[AVAILABLE DATA Boundary: Start]

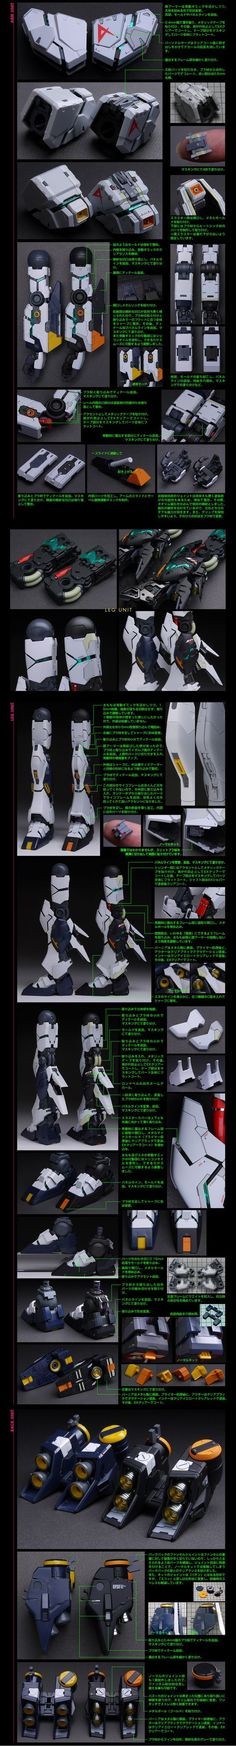 17 Best Gunpla images in 2016 | Gundam, Gundam model, Scale
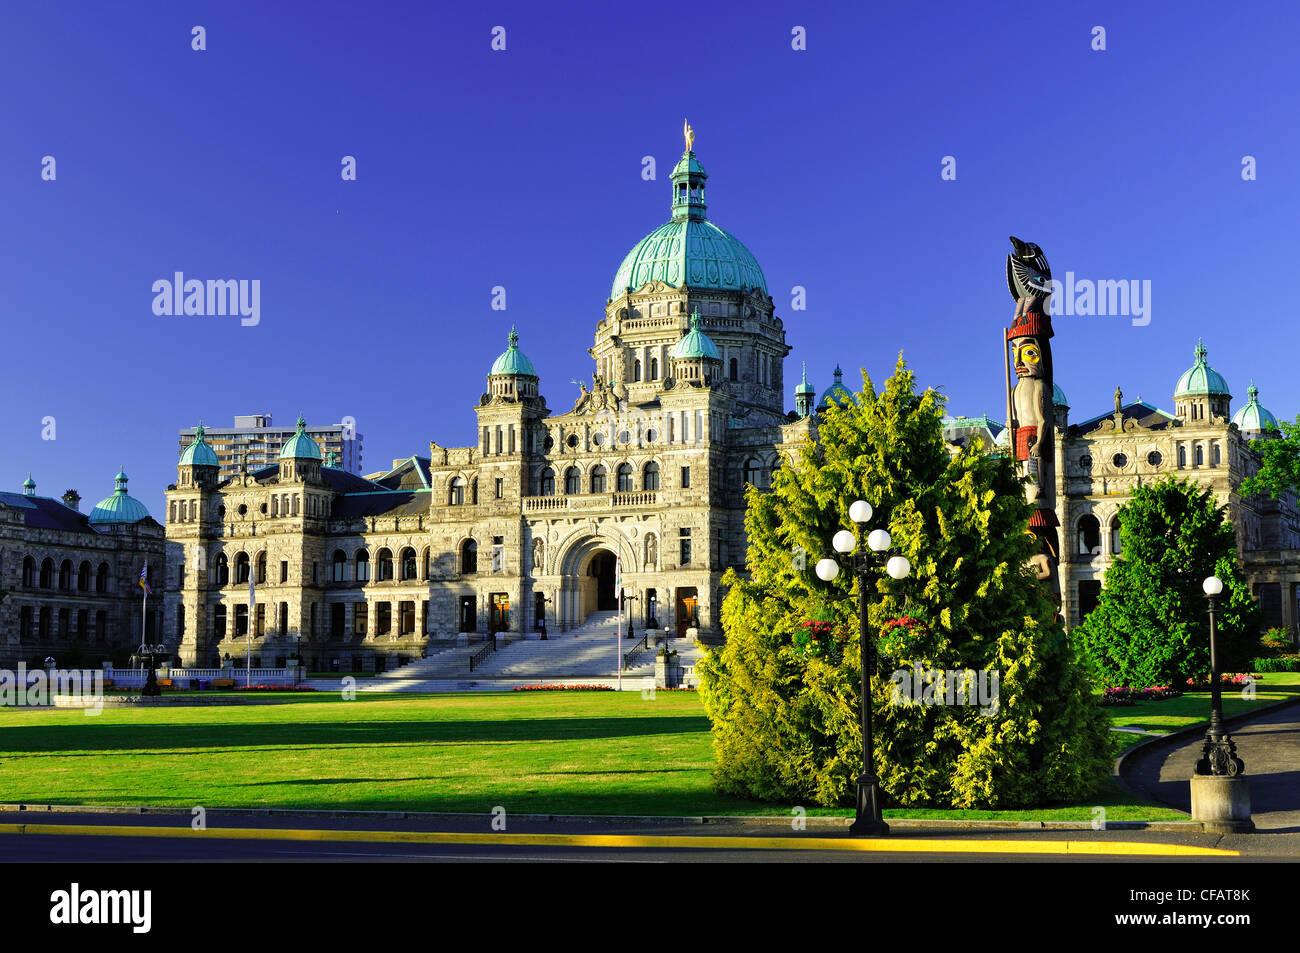 Parlamentsgebäude und Totempfahl, Victoria, Vancouver Island, British Columbia, Kanada Stockfoto
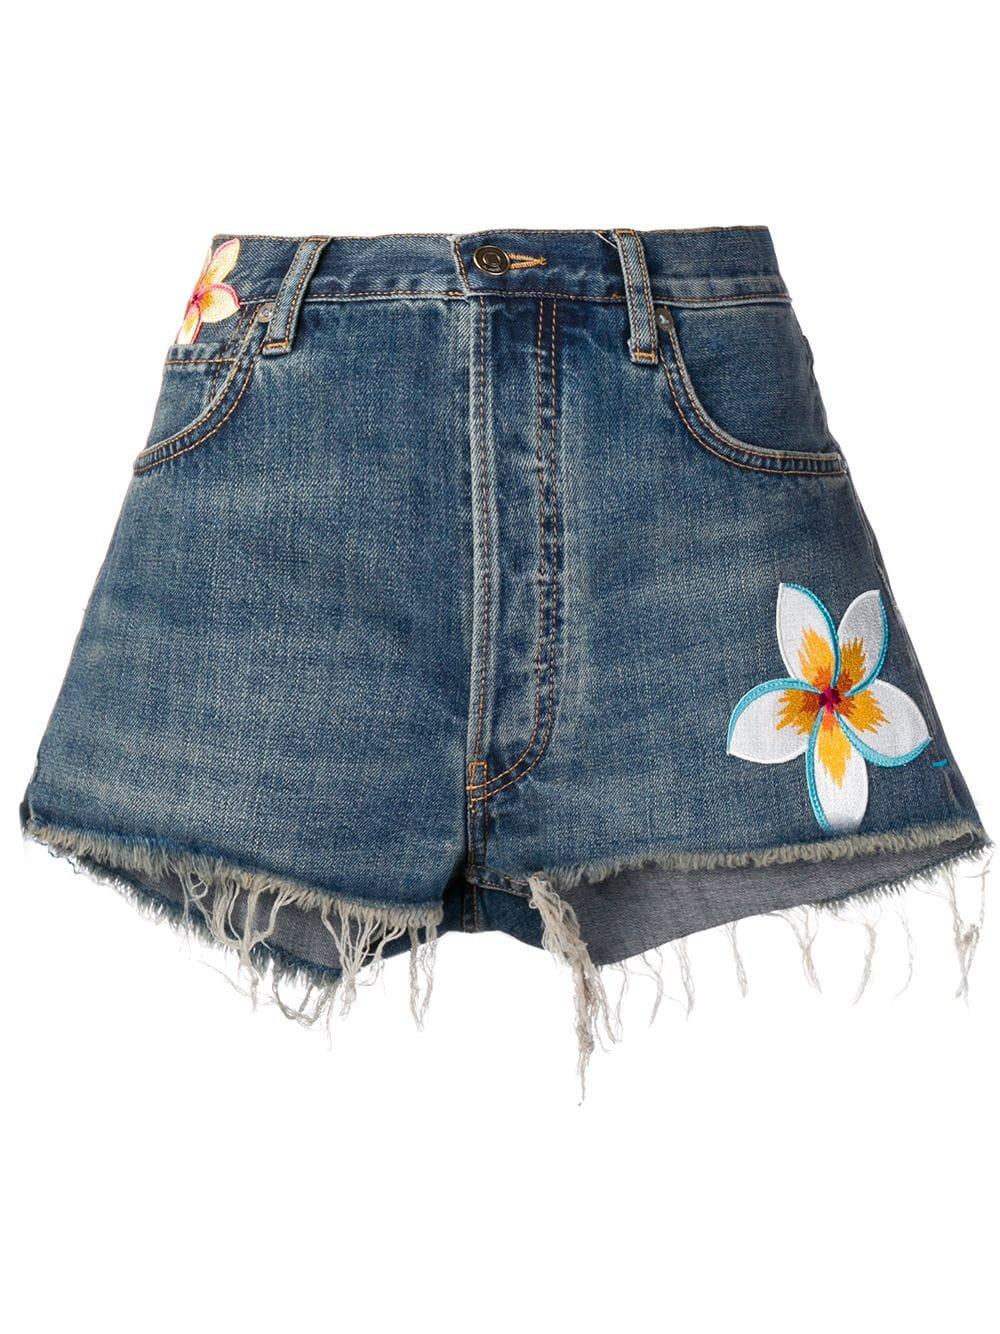 Alanui Flower Patch Denim Shorts - Farfetch
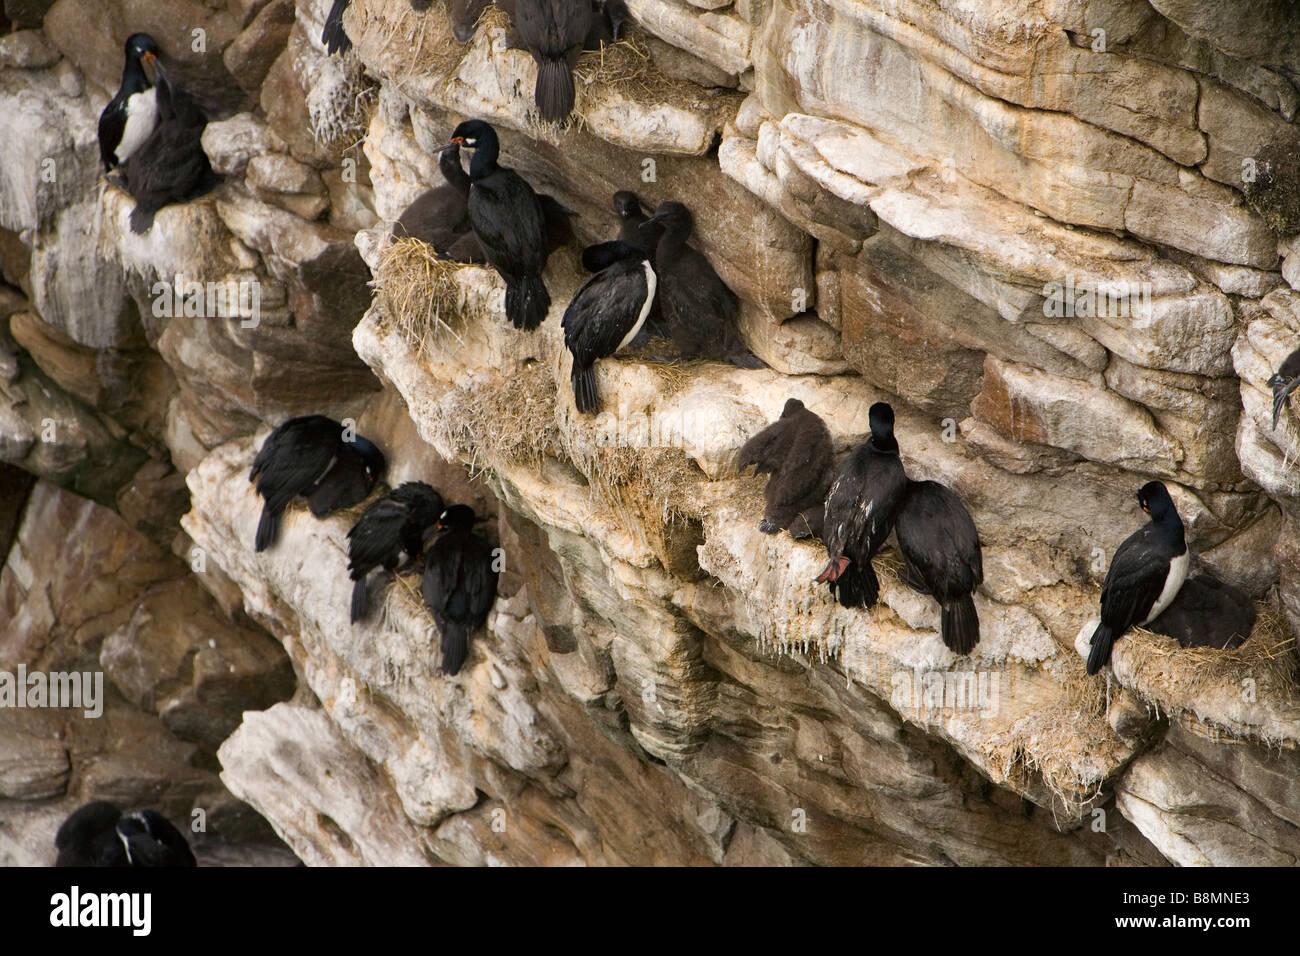 A nesting colony of Rock Shags (Phalacrocorax magellanicus) onThe Falkland Islands. - Stock Image

[AVAILABLE DATA Boundary: End]

WORK INSTRUCTIONS: Return the listing unchanged except for the pictures, which should be dropped.

OUTPUT FOR THIS TASK:
 17 Best Gunpla images in 2016 | Gundam, Gundam model, Scale
 Parlamentsgebäude und Totempfahl, Victoria, Vancouver Island, British Columbia, Kanada Stockfoto
 Alanui Flower Patch Denim Shorts - Farfetch
 A nesting colony of Rock Shags (Phalacrocorax magellanicus) onThe Falkland Islands. - Stock Image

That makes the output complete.